Ricordi di un’infanzia mai vissuta…
Virginia De Micco
Ricordi di un’infanzia mai vissuta…**
Virginia De Micco*
12.04.2025
Lucy, la scorbutica sorellina di Linus dei Peanuts di Schultz, sta finalmente per prendere la palla in una partita di baseball quando se la lascia sfuggire di mano, “ ma cosa avevi? Ancora il sole negli occhi?” le chiede un incredulo e irato Charlie Brown “no, ma mi sono venute in mente tutte le volte che non l’ho presa e l’ho mancata ancora: avevo il mio passato negli occhi”.
Un passato che acceca, un ricordo di quell’infanzia dimenticata ( sempre sottoposta all’amnesia infantile) eppure indimenticabile ( sarà sempre attorno a quella memoria ‘immemorabile’ , per dirla con Fédida, che continueremo a lavorare e rilavorare psichicamente), che paradossalmente sembra venirci incontro da fuori attraverso una dimensione sensoriale-allucinatoria, tanto quanto riemergere da dentro.
Questo vero e proprio ‘doppio statuto’ del ricordo infantile testimonia di tutto ciò che sembra restare ‘depositato’ in un luogo somatopsichico, da cui discendono le molteplici declinazioni dei termini che rimandano all’atto della memoria: ri-membrare , ri-cordare, ram-mentare. Qualcosa che deve essere rievocato/ripescato nel/dal corpo allora, dagli affetti e dalla mente; dimensione sensorial-affettiva e rappresentativa che si intrecciano anche nella più tipica manifestazione del ricordo d’infanzia, il ‘ricordo di copertura’, quel deck–errinnerung, cui Freud affida una funzione ‘deformativa’ sovrapponibile a quella del lavoro del sogno. I desideri inconsci, soprattutto quelli di marca edipica, che subiscono il lavoro di deformazione nel sogno, (le ent-stellungen, contemporaneamente trasposizioni e deformazioni ) sono anche oggetto della ‘copertura’ nel ricordo infantile, copertura che, come si ricorderà, è appunto ‘indicata’, svelata in un certo senso, da una particolare intensità sensoriale, il famoso colore giallo dei fiori nel ricordo infantile di Freud.

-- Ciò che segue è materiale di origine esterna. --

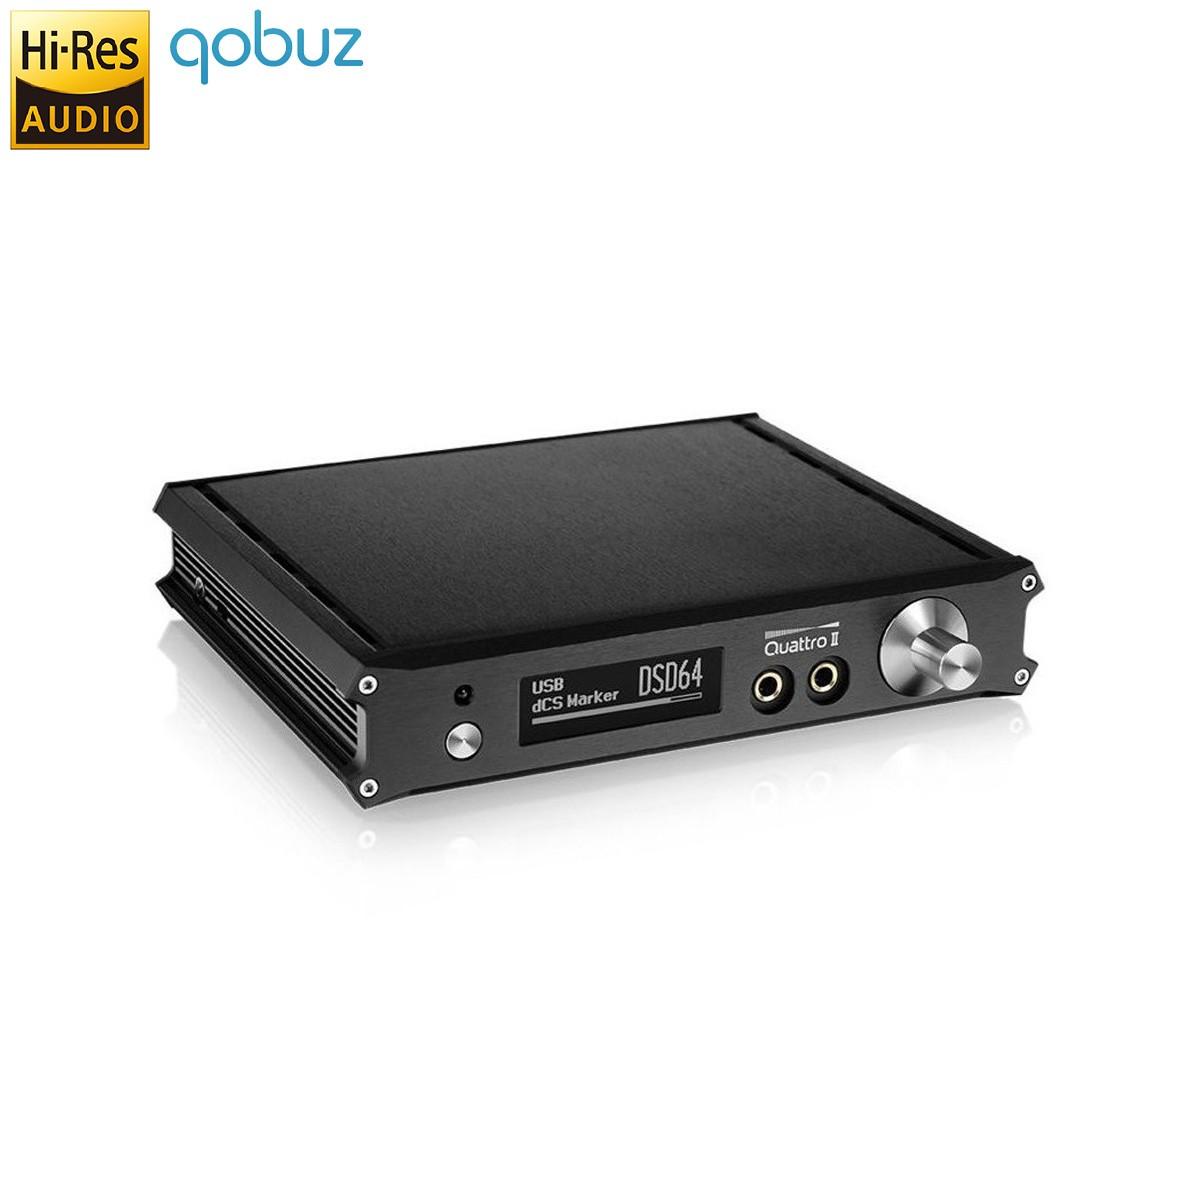 MATRIX QUATTRO II ADVANCED DAC ES9018S 32bit/384kHz DSD / Headphone Amp

Potremmo allora parlare di un vero e proprio ‘lavoro di copertura’ dei ricordi d’infanzia? O di un infantile -un sessuale inconscio sempre traumatico perché sempre in eccesso rispetto alle capacità elaborative dell’apparato psichico- che lavora sempre ‘sotto copertura’ nell’infanzia stessa? Lavoro di ‘copertura’ che dunque deforma la memoria degli eventi, informando di sé al contempo la stessa dinamica rappresentativa e, soprattutto, autorappresentativa, la ‘costruzione’ stessa di una memoria su cui appoggiare la percezione di sé: la funzione autostoricizzante dell’Io, evocata da Piera Aulagnier, potrebbe allora essere intesa come una storia di copertura… (nella forma stessa delle coperture è depositato allora quell’immemoriale che non può tradursi in memorie).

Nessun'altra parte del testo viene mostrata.